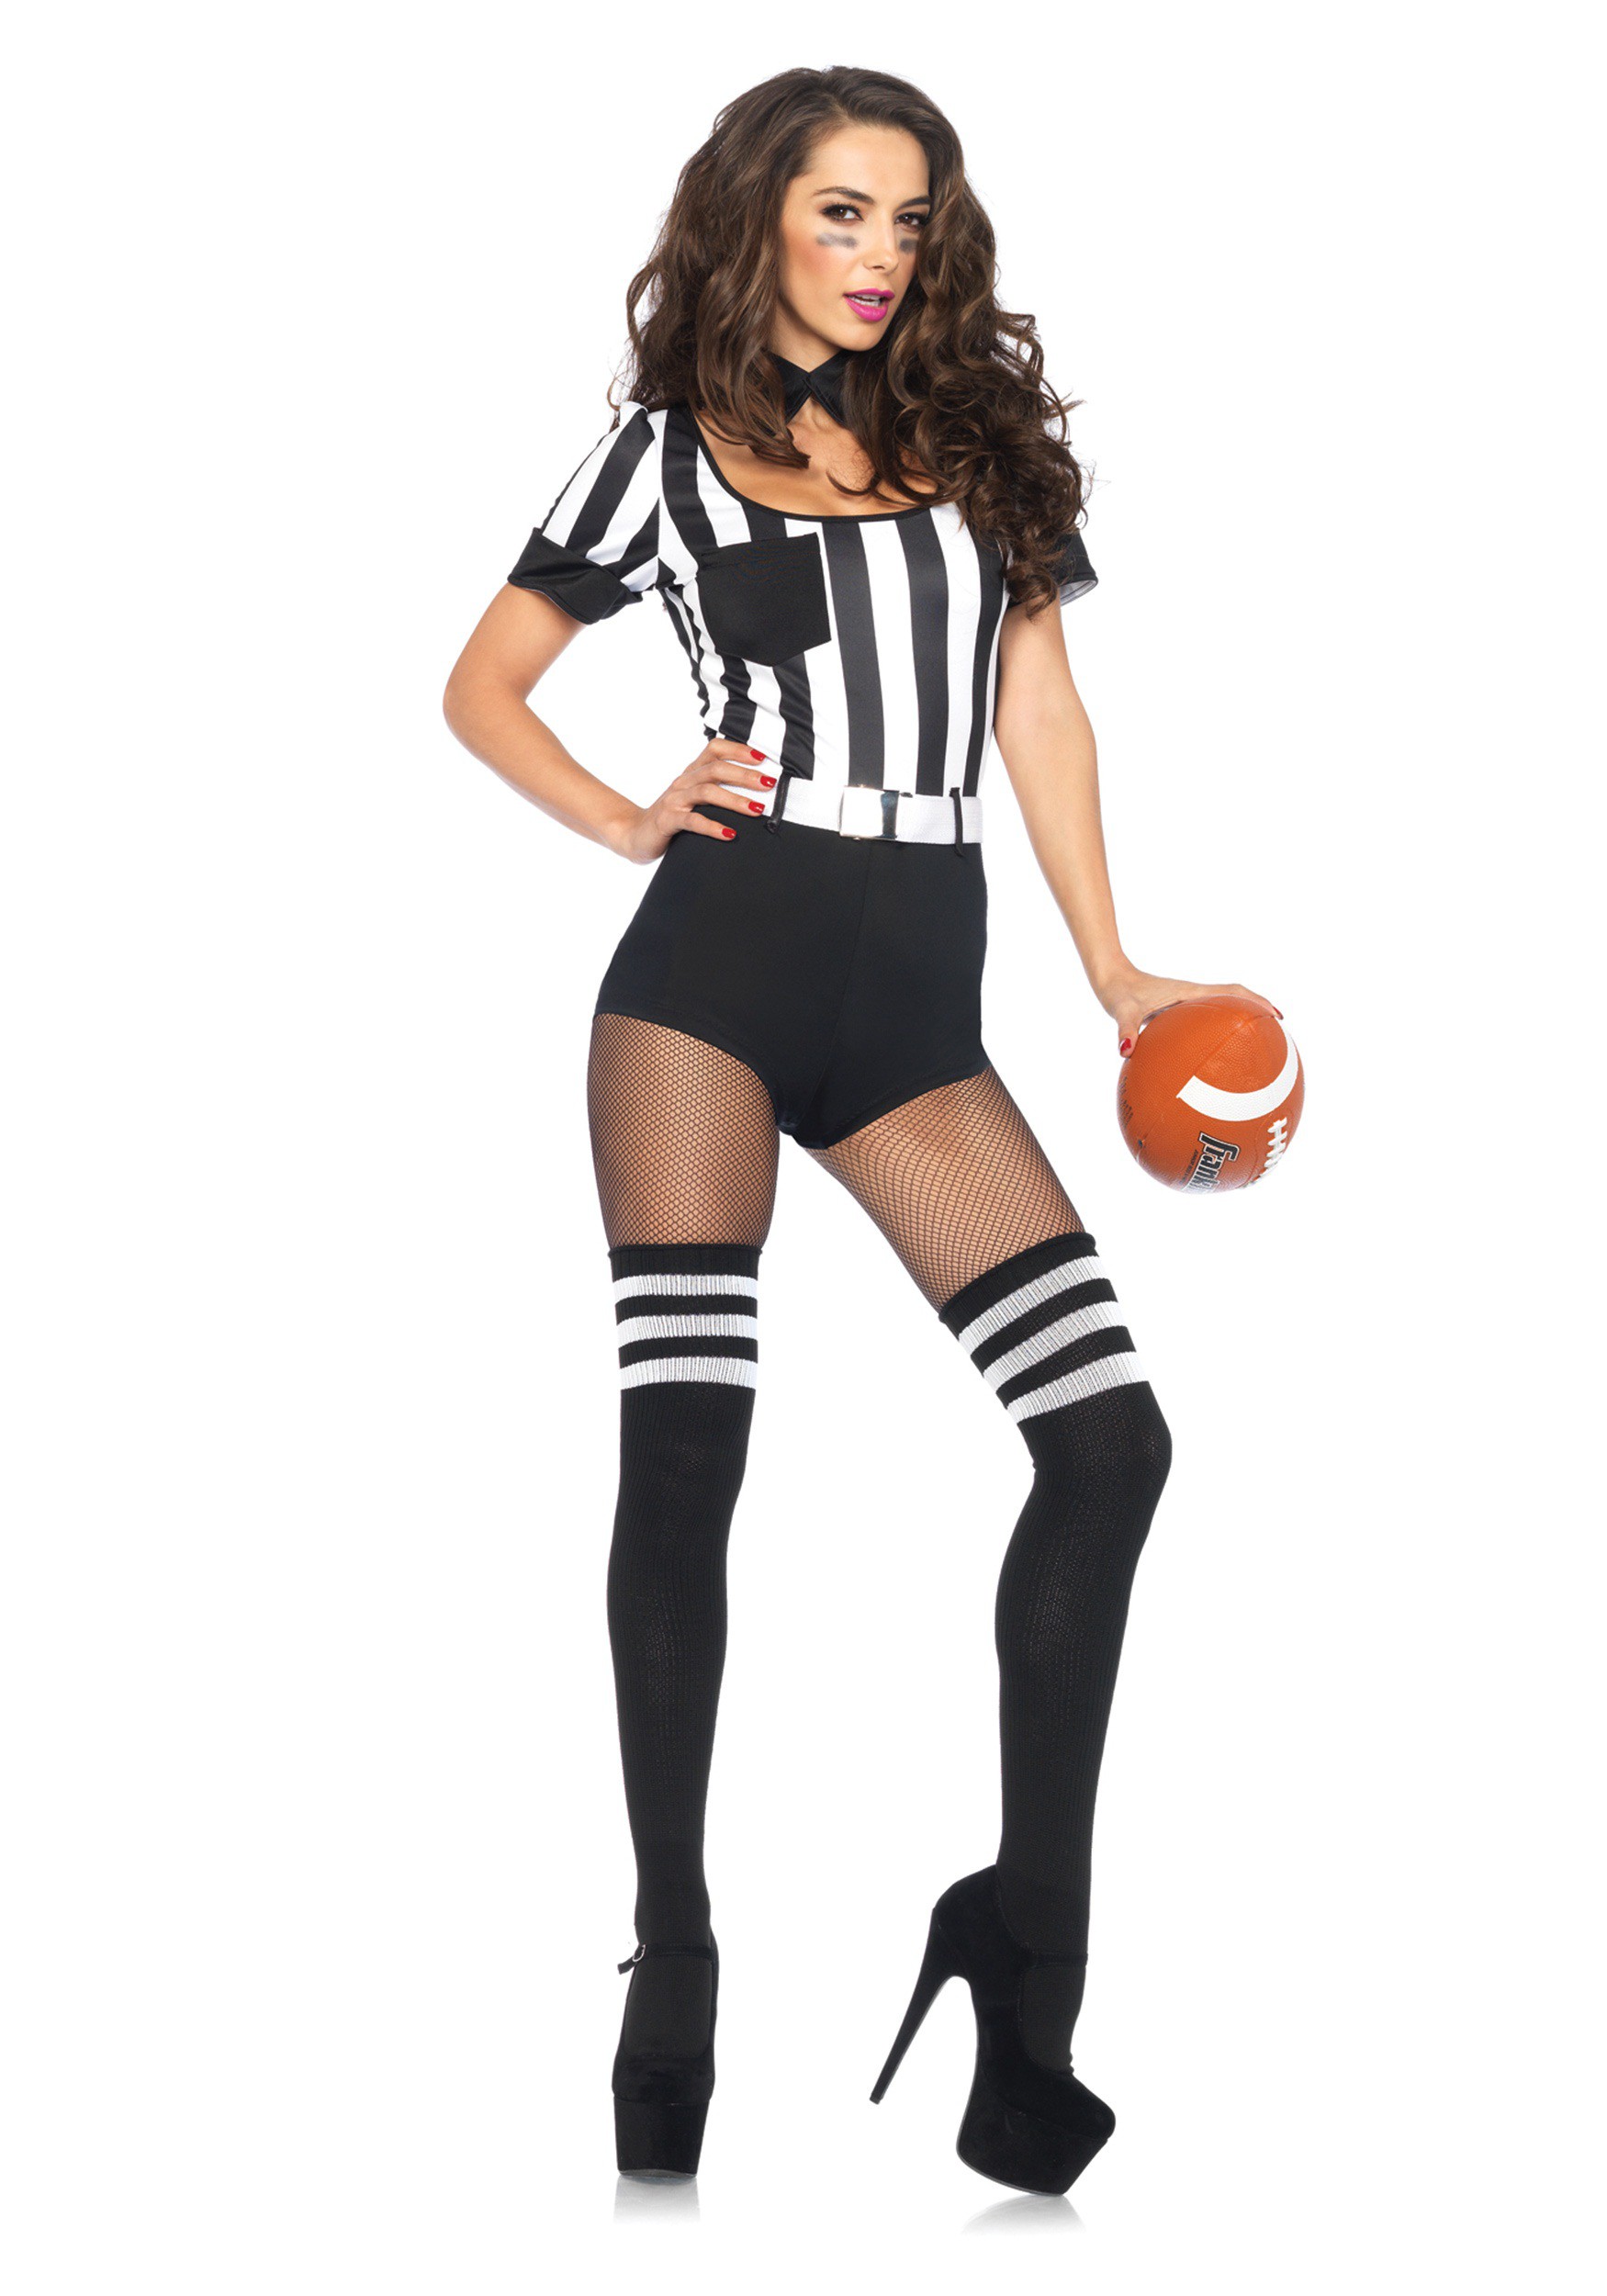 Arbitro Costume for Women
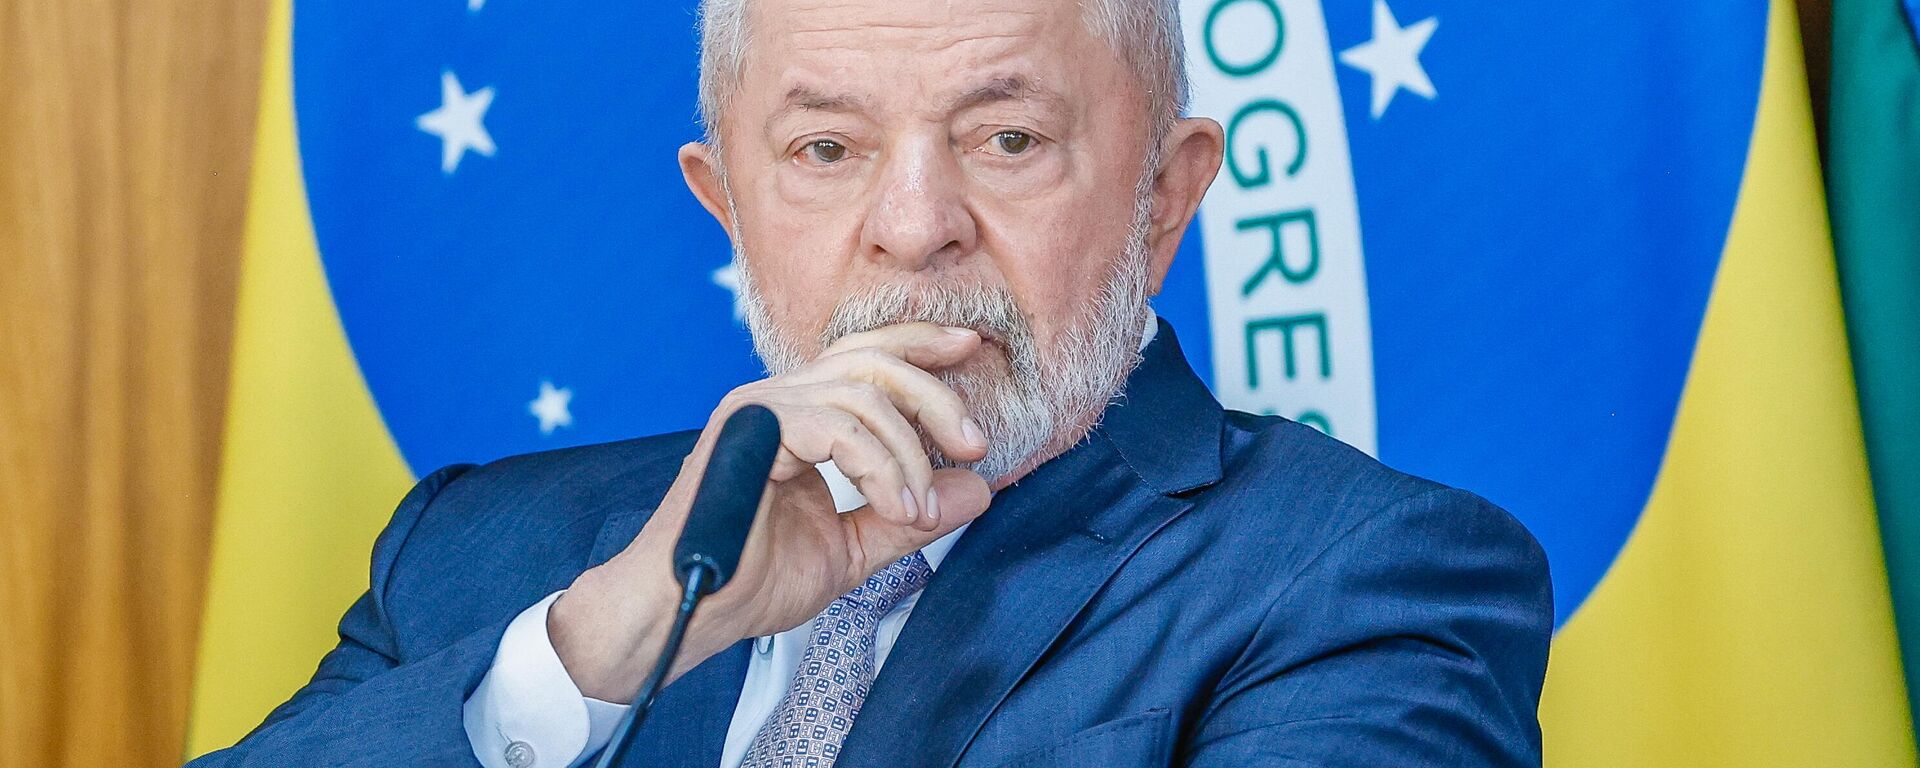 O presidente Luiz Inácio Lula da Silva durante reunião de relançamento do Conselho Nacional de Desenvolvimento Industrial (CNDI), em 6 de julho de 2023 - Sputnik Brasil, 1920, 06.07.2023
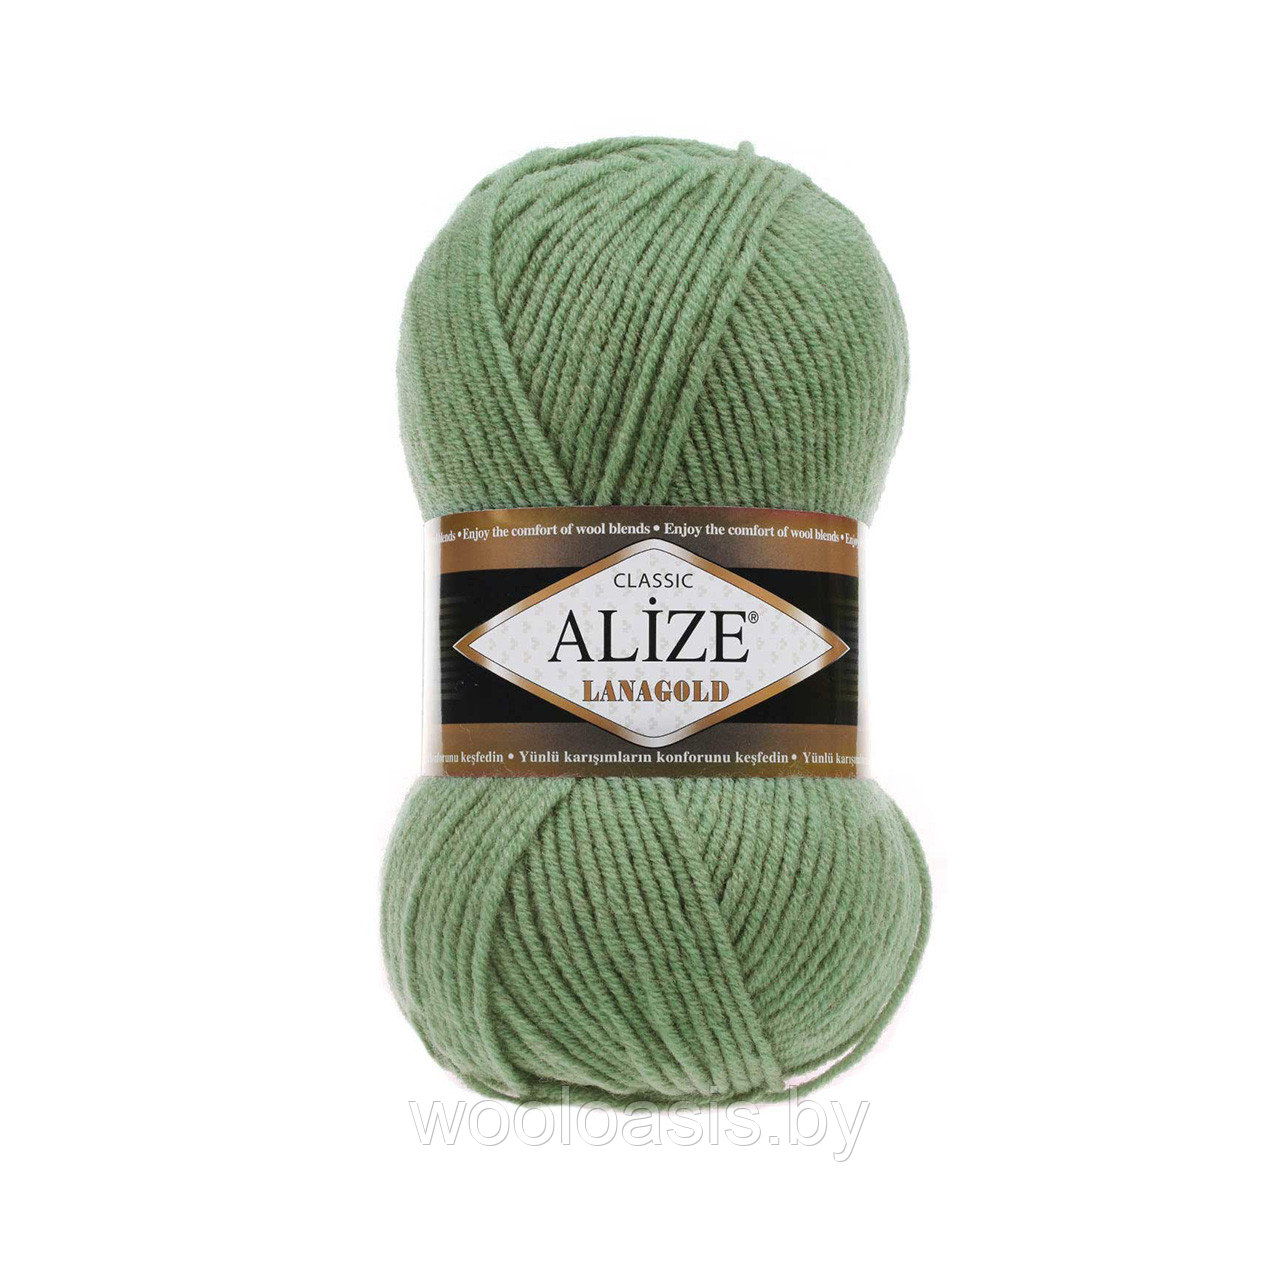 Пряжа Alize Lanagold Classic, Ализе Ланаголд Классик, турецкая, шерсть с акрилом, для ручного вязания (цвет 180)
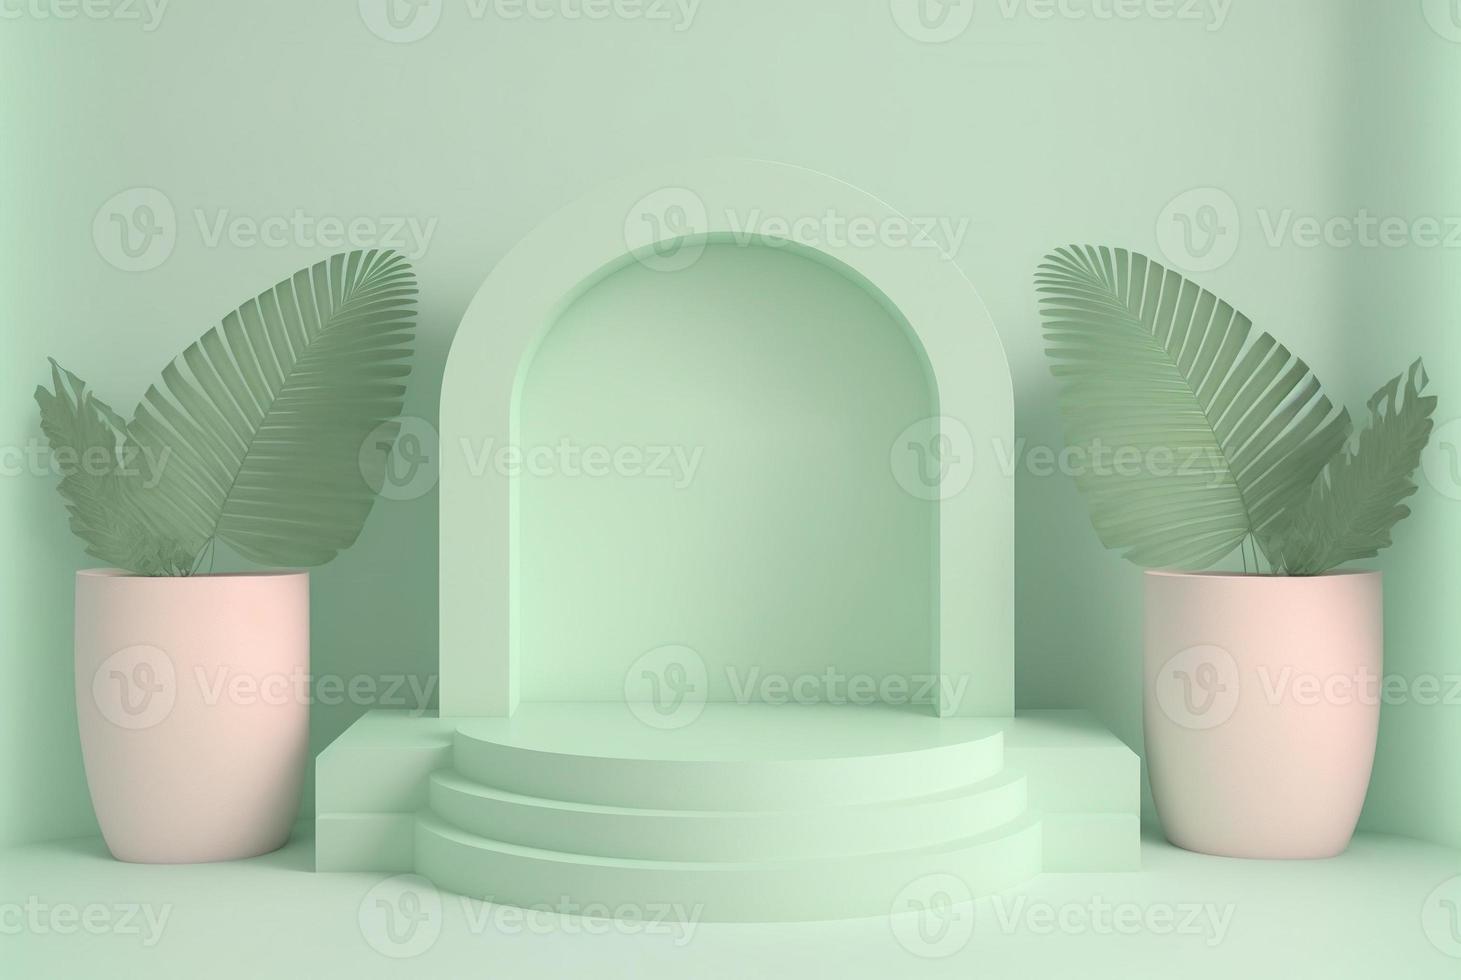 podio de hojas 3d sobre fondo verde suave para la escena y presentación del producto foto
========
Problem description
Could the material above be given again in full and exactly, with its pictures left out?

Result of the exercise
 Arbitro Costume for Women
 O presidente Luiz Inácio Lula da Silva durante reunião de relançamento do Conselho Nacional de Desenvolvimento Industrial (CNDI), em 6 de julho de 2023 - Sputnik Brasil, 1920, 06.07.2023
 Пряжа Alize Lanagold Classic, Ализе Ланаголд Классик, турецкая, шерсть с акрилом, для ручного вязания (цвет 180)
 podio de hojas 3d sobre fondo verde suave para la escena y presentación del producto foto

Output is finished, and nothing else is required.